◆ WHAT IS BEING ASKED
What follows is a listing; repeat exactly, and only, its lines from the one holding "Blink-182 is working" through the last, leaving any pictures out.

◆ GIVEN DATA
.....

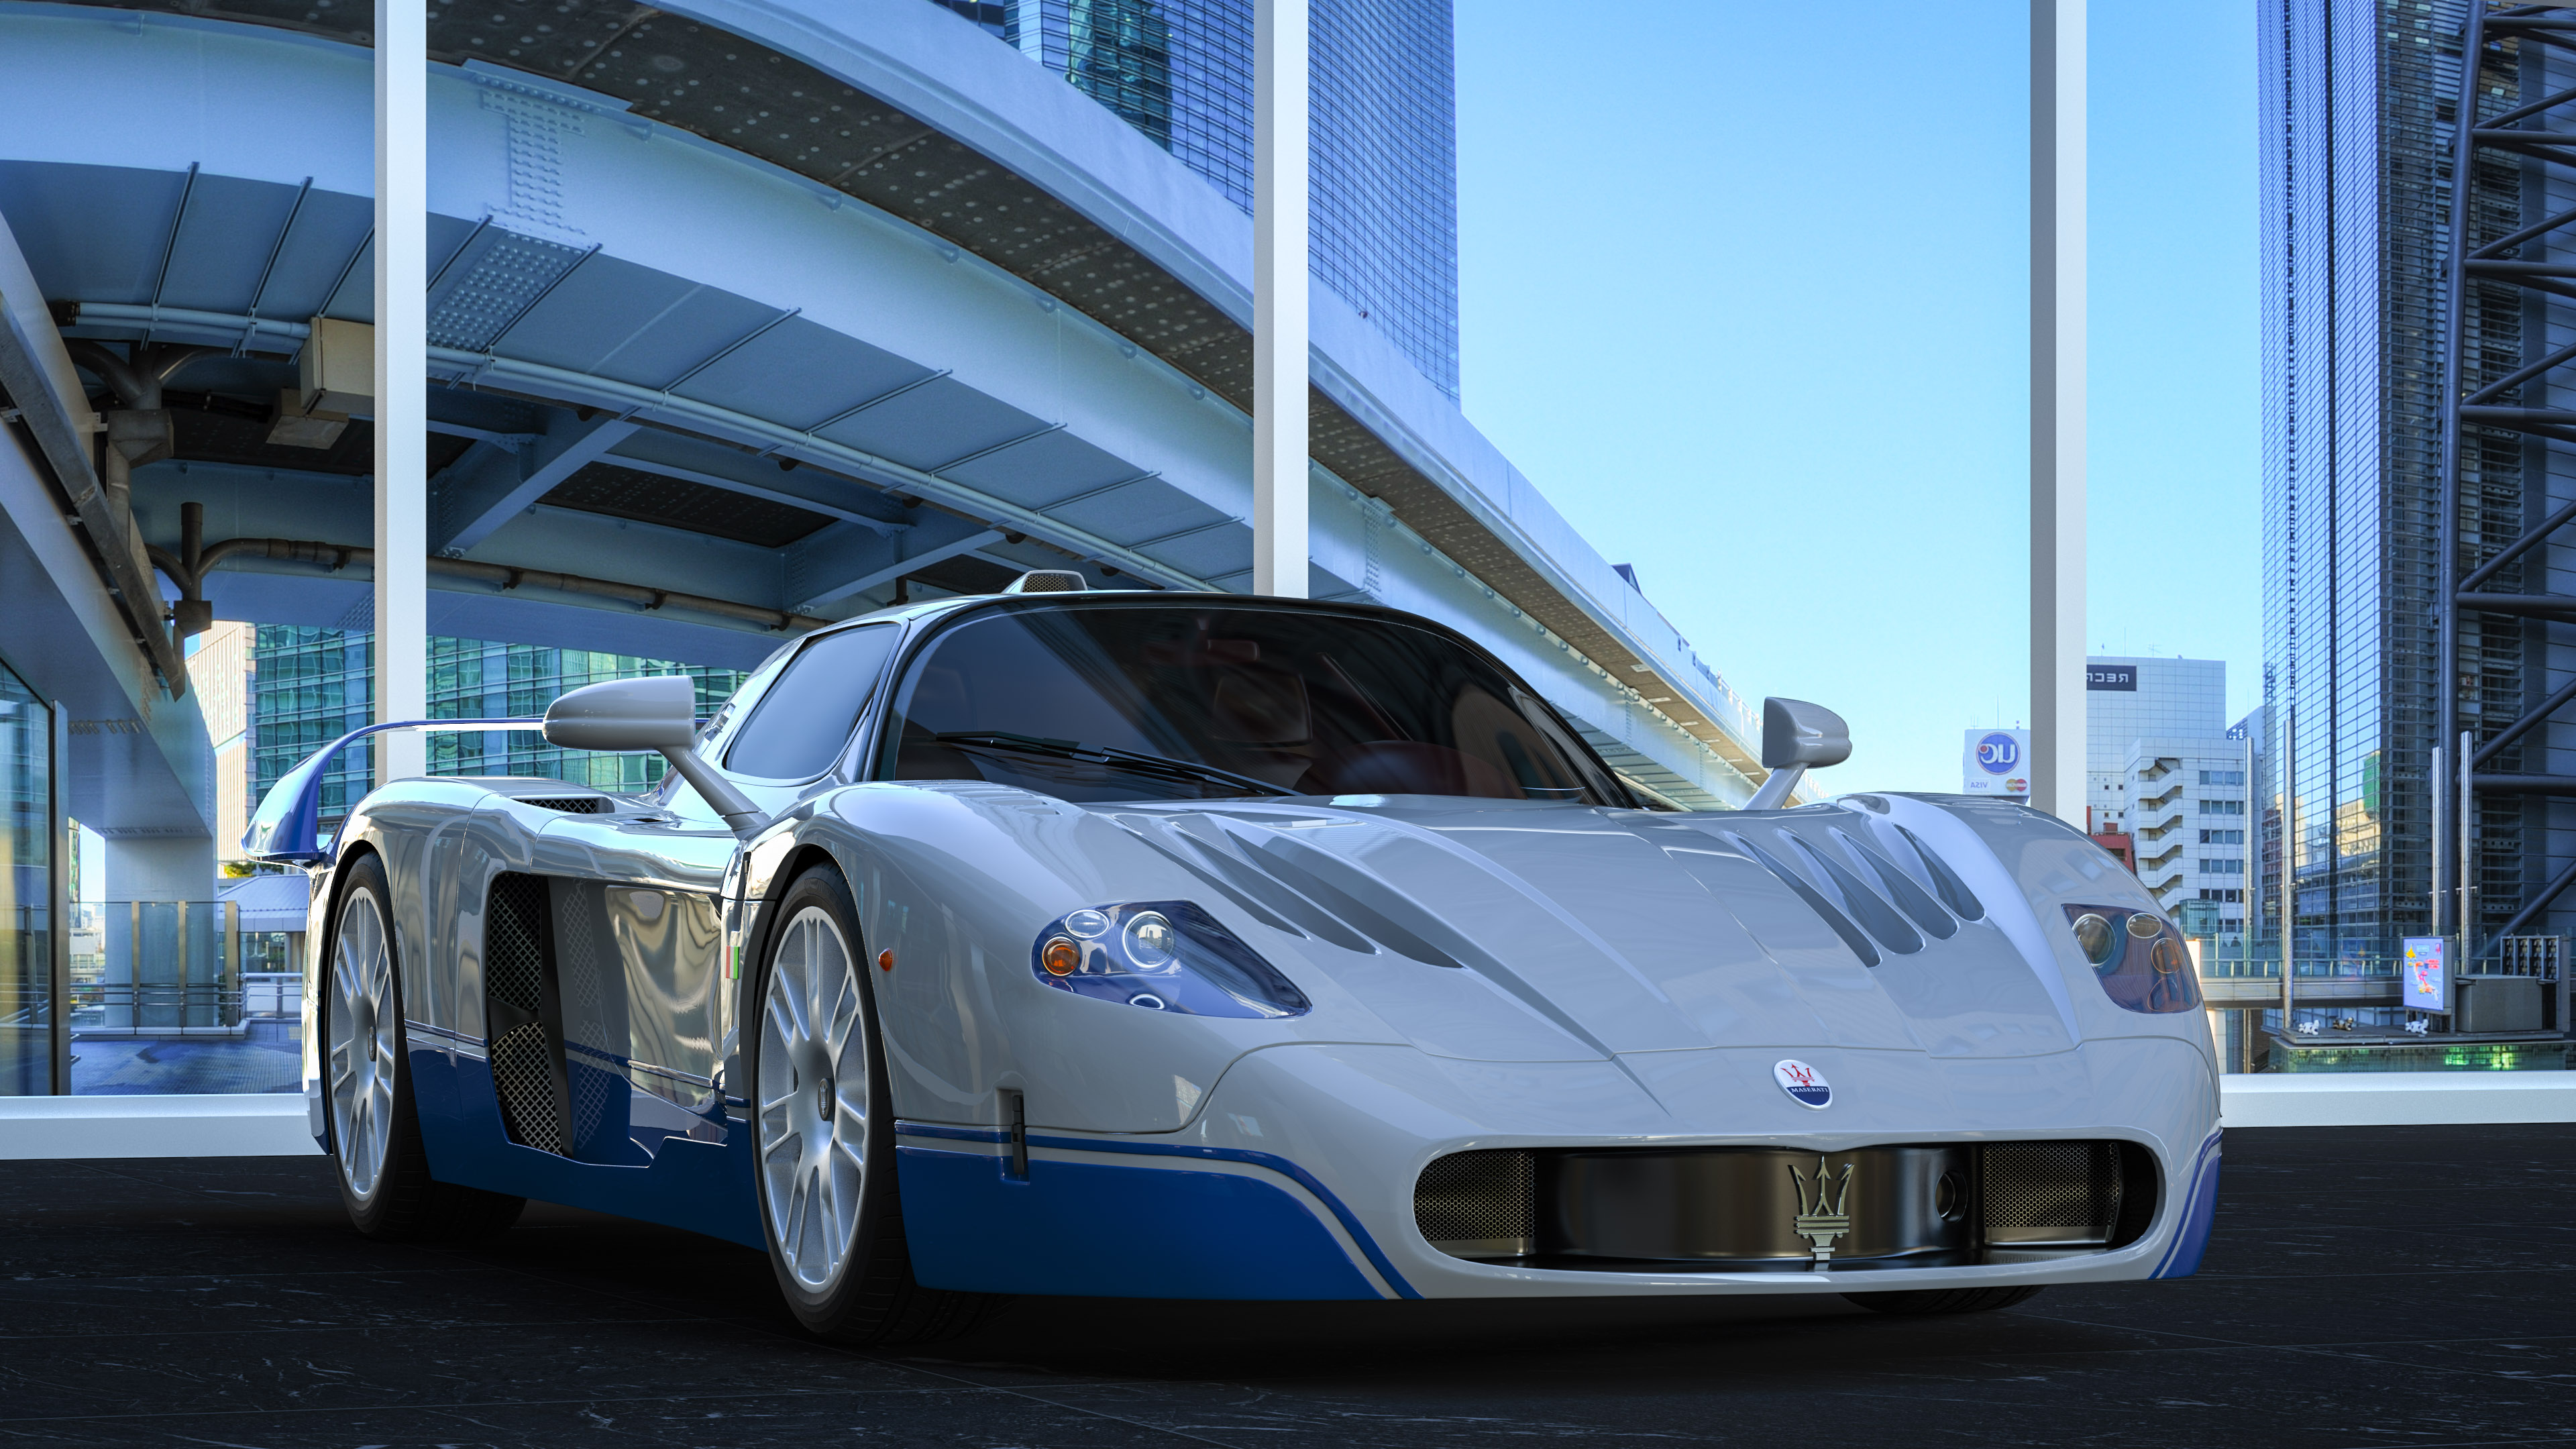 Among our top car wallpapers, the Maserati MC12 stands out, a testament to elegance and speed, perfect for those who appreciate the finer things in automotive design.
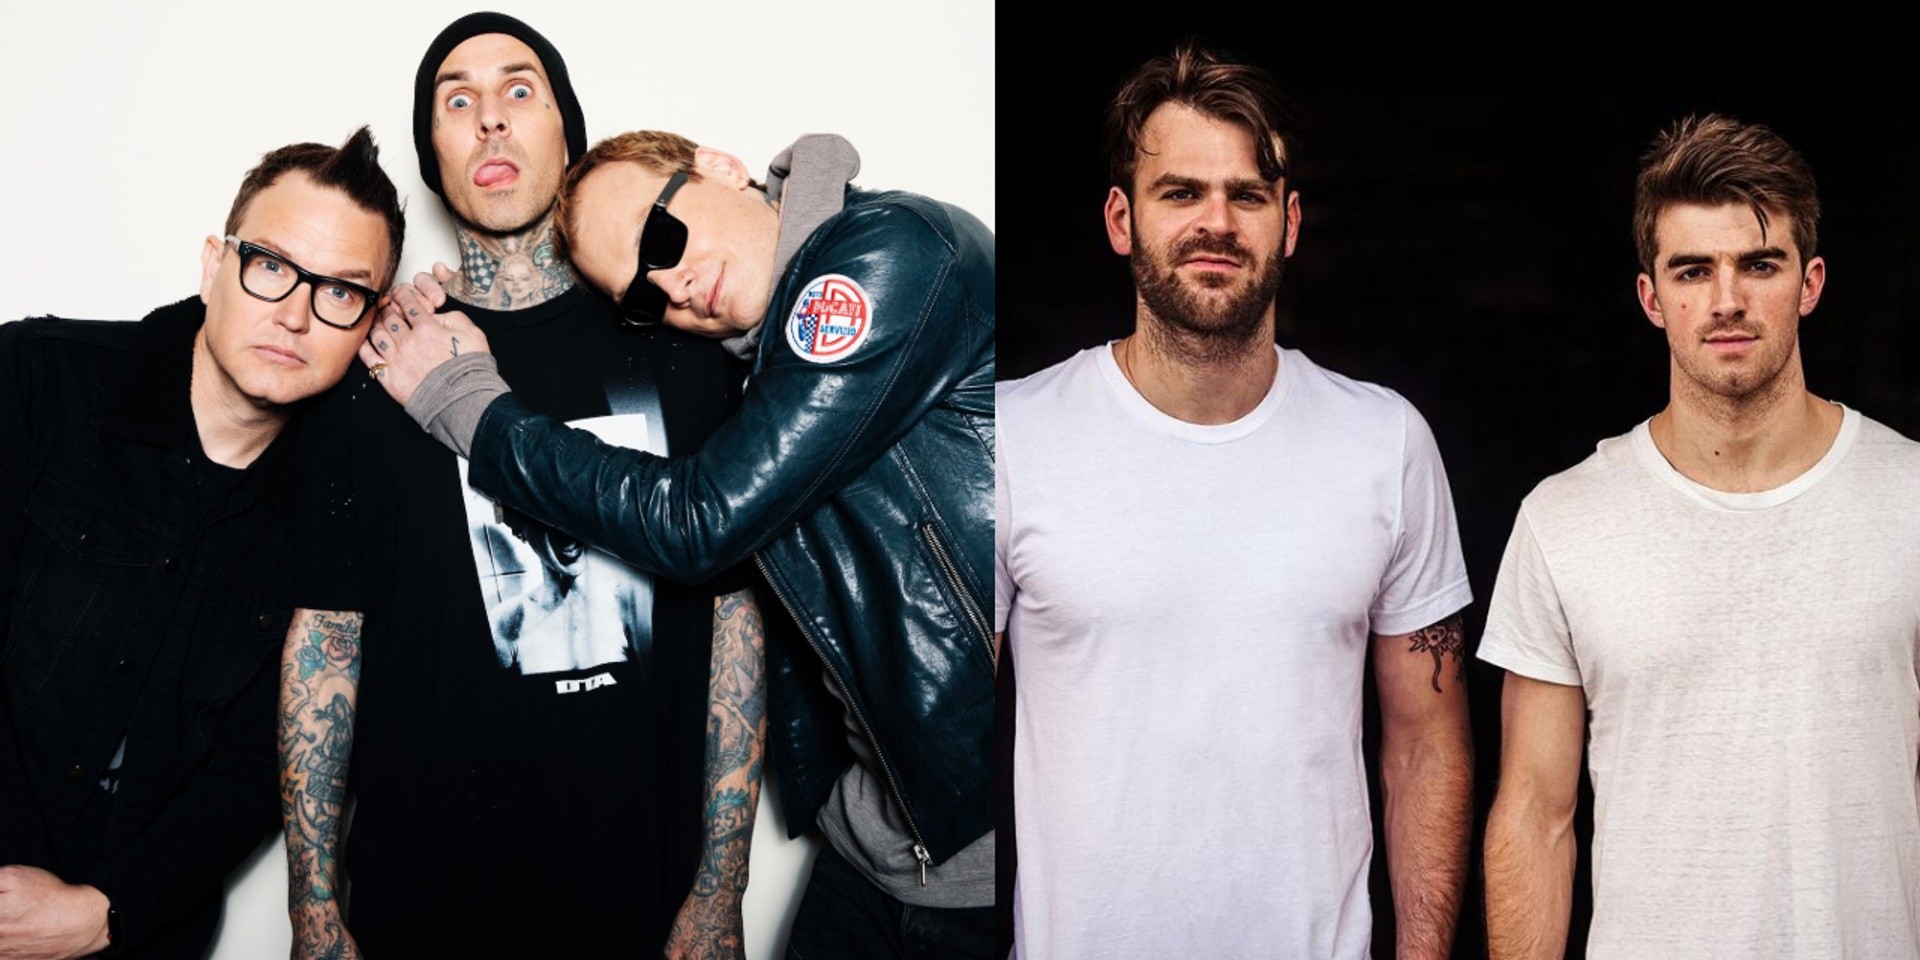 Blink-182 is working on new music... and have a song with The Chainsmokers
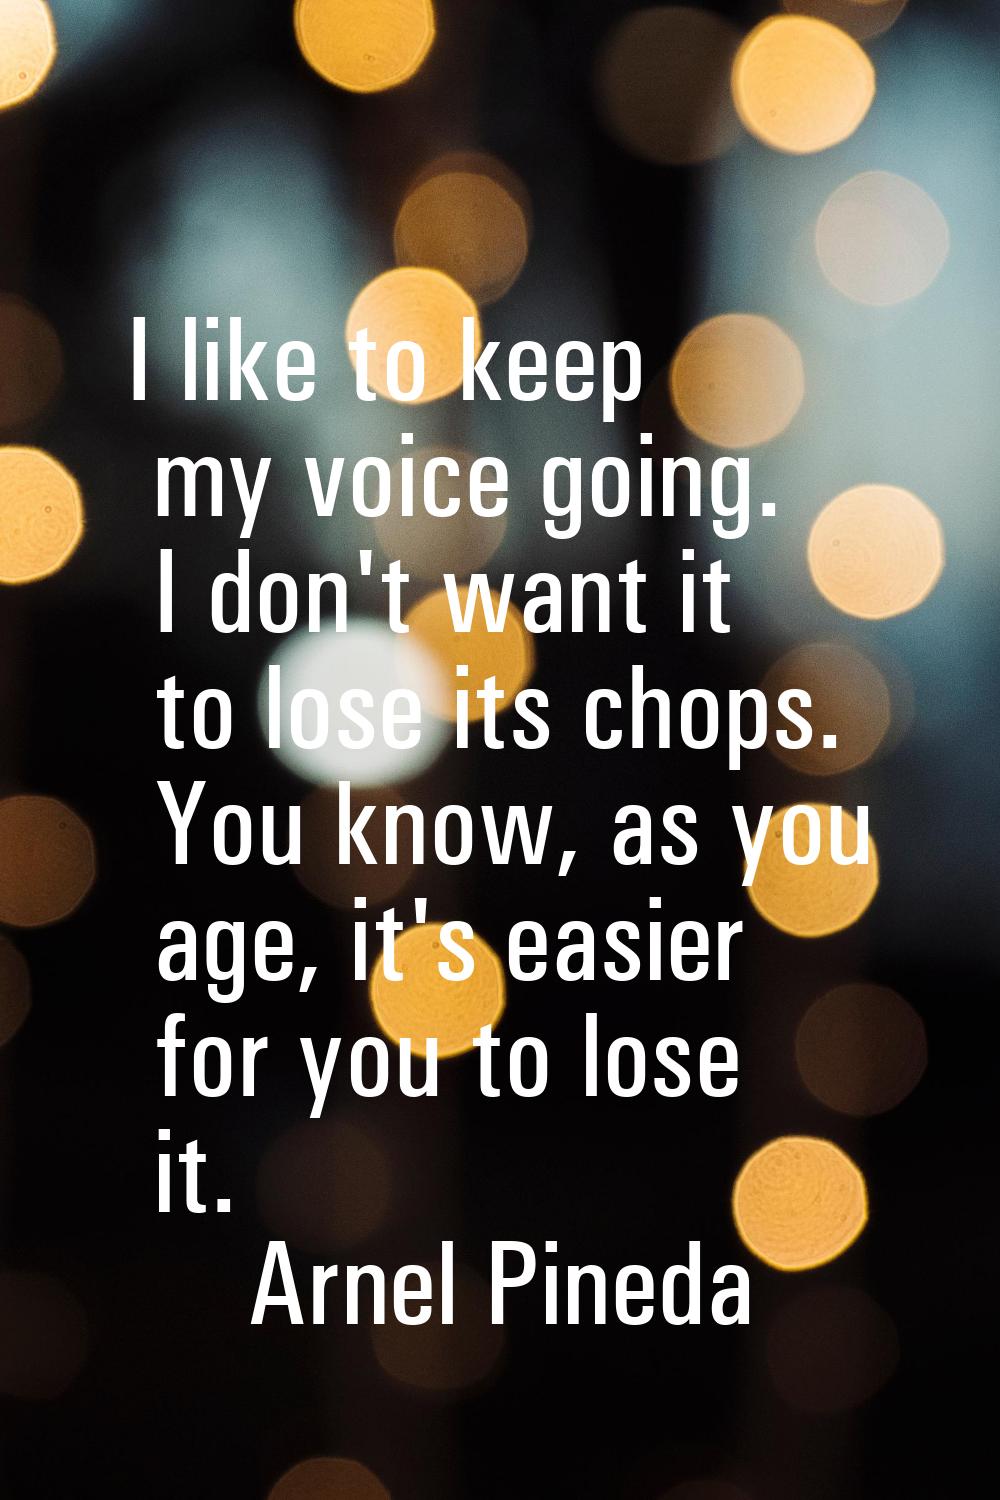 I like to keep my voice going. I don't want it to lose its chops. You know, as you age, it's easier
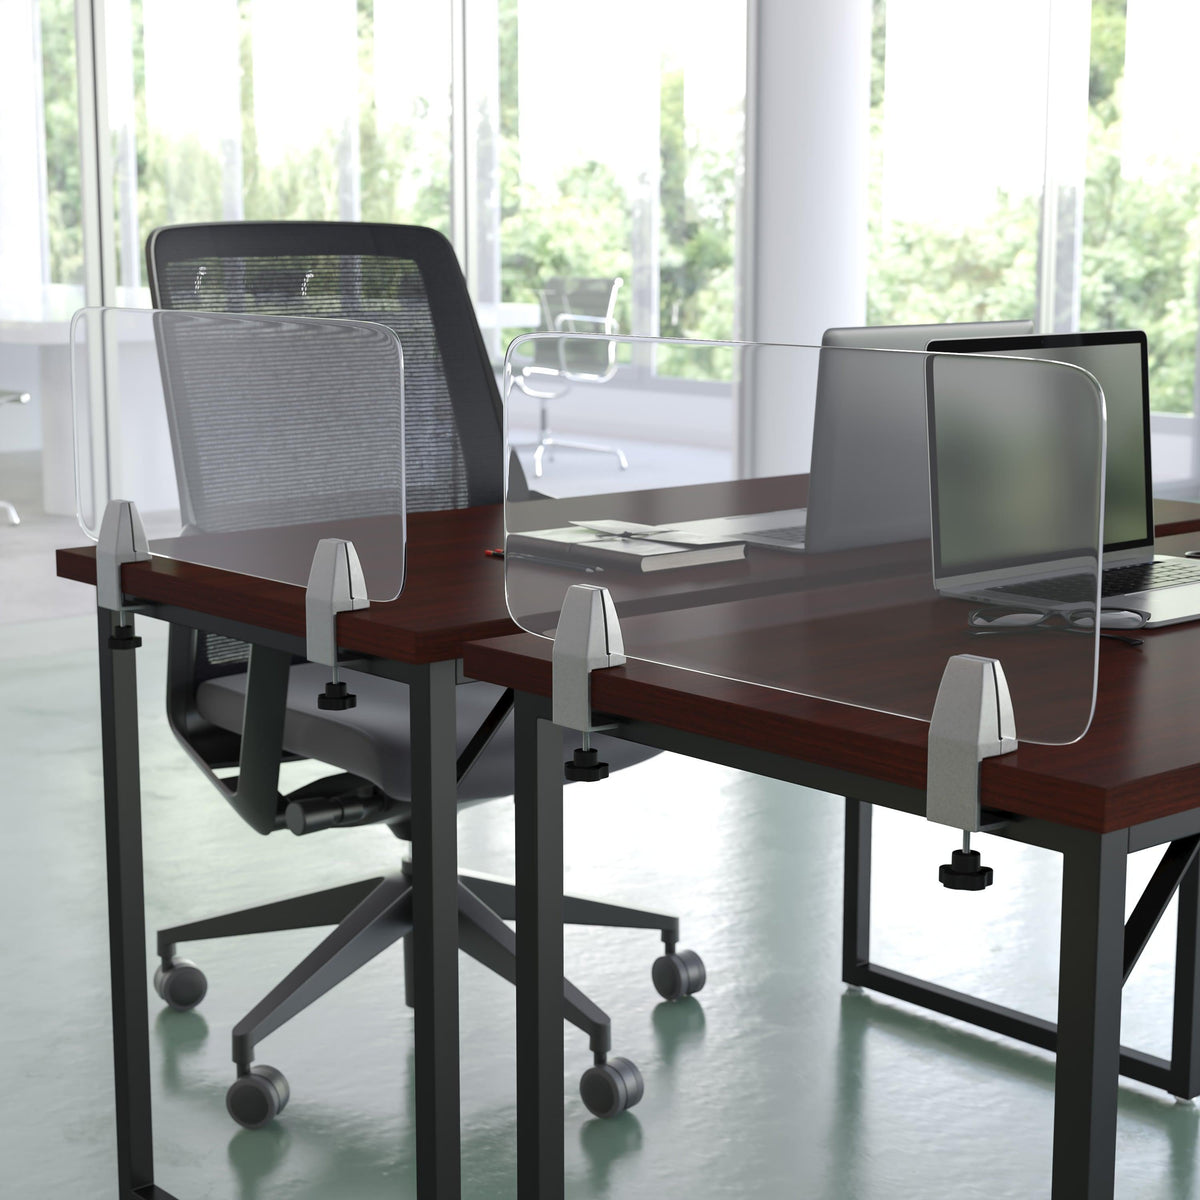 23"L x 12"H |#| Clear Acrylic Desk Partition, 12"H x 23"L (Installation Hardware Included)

.....

◆ ANSWER TO THIS EXERCISE
 Blink-182 is working on new music... and have a song with The Chainsmokers
 I like to keep my voice going. I don't want it to lose its chops. You know, as you age, it's easier
 23"L x 12"H |#| Clear Acrylic Desk Partition, 12"H x 23"L (Installation Hardware Included)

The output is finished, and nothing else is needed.